No documento Teatro vs. game: o drama gamificado (páginas 108-113)

FASE 1: INTERATIVIDADE

3 Teste de Jogo (playtest)

3.3 Temporada-teste: mapeamento de falhas

Fizemos doze apresentações no Teatro Coletivo (São Paulo), com uma média de quinze espectadores por sessão.

Já no saguão, era evidente como o público estava instigado em interagir com a cena usando o próprio aparelho celular. Enquanto pessoas abaixo de 30 anos pareciam entediadas pela redundância de explicações de como se inscrever no software, pessoas entre 30 e 60 anos ficavam desnorteadas, quase desistindo da inscrição. Constatadas essas diferenças geracionais, decidimos que as informações seriam sintetizadas em um cartaz próximo da bilheteria e dois funcionários do teatro ajudariam os espectadores com dificuldades em manipular o próprio aparelho.

Por um erro técnico, smartphones que usavam o sistema operacional OS X apresentaram uma instabilidade que fazia com que algumas versões de iPhones saíssem constantemente do jogo, à revelia da vontade do interator. Não conseguimos resolver este bug até o fim das apresentações.

Figura 17 – iPhone de espectador, tela de abertura.

Na Figura 17, pode-se ver o iPhone de um interator que, durante o espetáculo, retornou para a tela de abertura do software “INCUBADORA”. Tendo em vista que é sempre a interface que cria a jogabilidade, problemas como esse prejudicavam o prazer de interagir. Espectadores portando aparelhos deste tipo tinham que se reinscrever várias vezes, o que foi motivo de reclamações recorrentes.

Para além dessas pessoas prejudicadas, em todas as apresentações notamos que, logo no início, os espectadores conectados apertavam botões aleatoriamente para testar a interface. Jogadores, normalmente, esperam que games reajam imediatamente aos seus estímulos. Em razão de o “espetáculo-game” ser cooperativo, o software funcionava por votação. O tempo de espera em que outras pessoas faziam suas escolhas gerava ansiedade, afinal, todos queriam assistir, o quanto antes, ao resultado de suas intervenções. Para não perder a credibilidade do jogo, a voz em off salientava a importância da cooperação entre os espectadores, mas isso não era suficiente. Ao ver, finalmente, seu apelido contabilizado pelo sistema, os interatores mostravam sinais de satisfação.

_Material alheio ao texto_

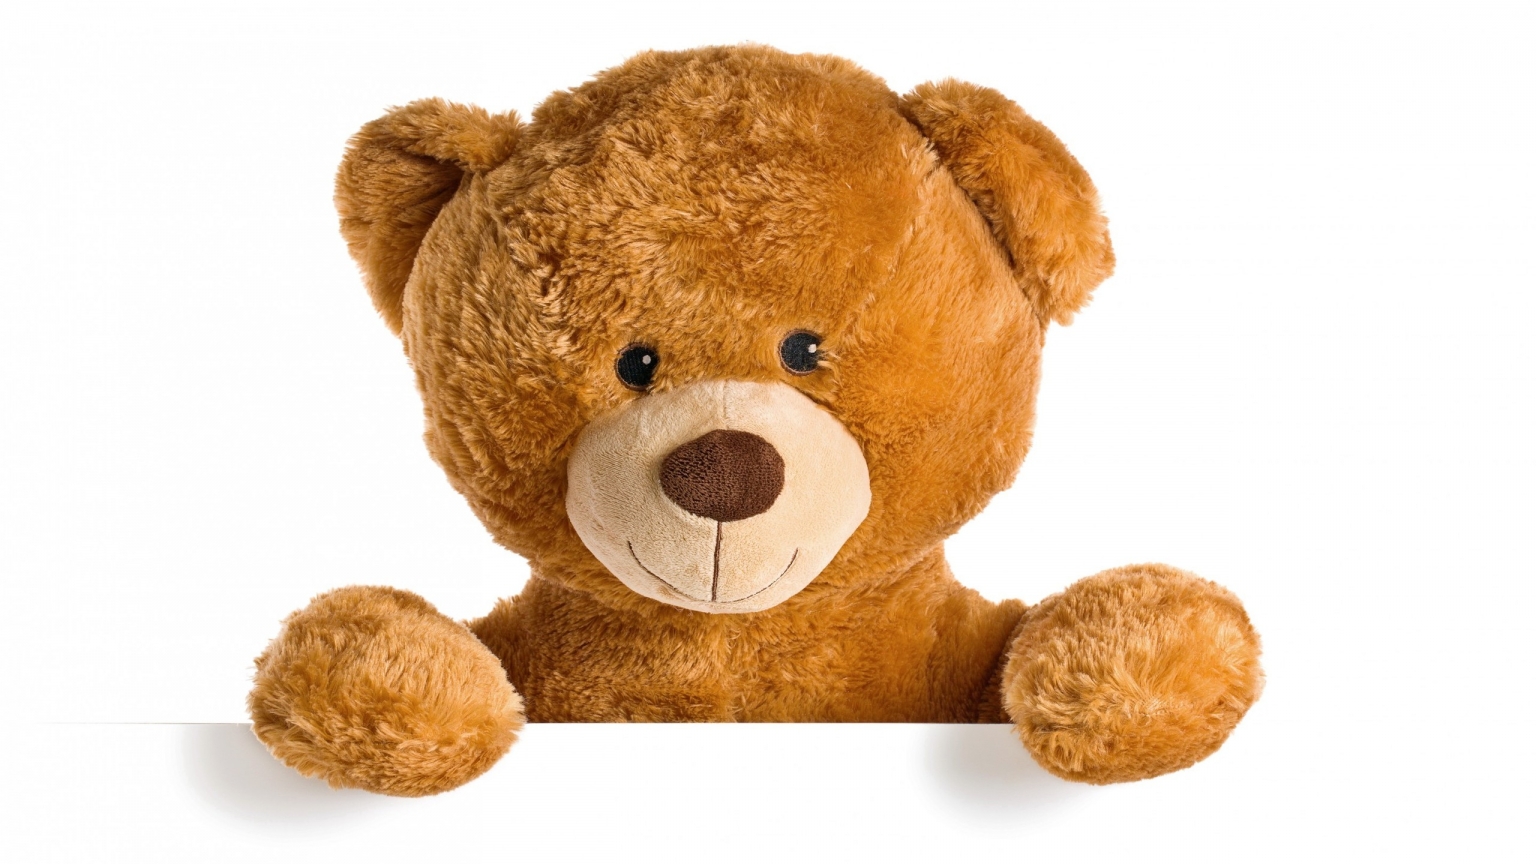 Cute Teddy Bear for 1536 x 864 HDTV resolution

Ainda assim, a ansiedade, de fato, só diminuía quando os espectadores se certificavam de que o apertar de um botão, mais do que os nomes projetados, implicava também uma mudança da encenação. Efetuava-se o pacto de jogo, surgindo o prazer de agir sobre o evento.

Depois desse entrosamento com a interface e com o jogo, o público voltava sua atenção para a cena; uma parte dos espectadores tentava controlar a narrativa observando o “Placar de Felicidade”; outra parte, porém, dedicava-se a competir para ver quem conseguia interagir mais vezes e mais rapidamente, sem se preocupar com o impacto que a escolha teria no espetáculo. A proporção entre esses “interatores engajados” e “interatores competidores” variou de acordo com a apresentação. A questão seria então como assimilar esse comportamento “competidor” sem restringir a ação do interator.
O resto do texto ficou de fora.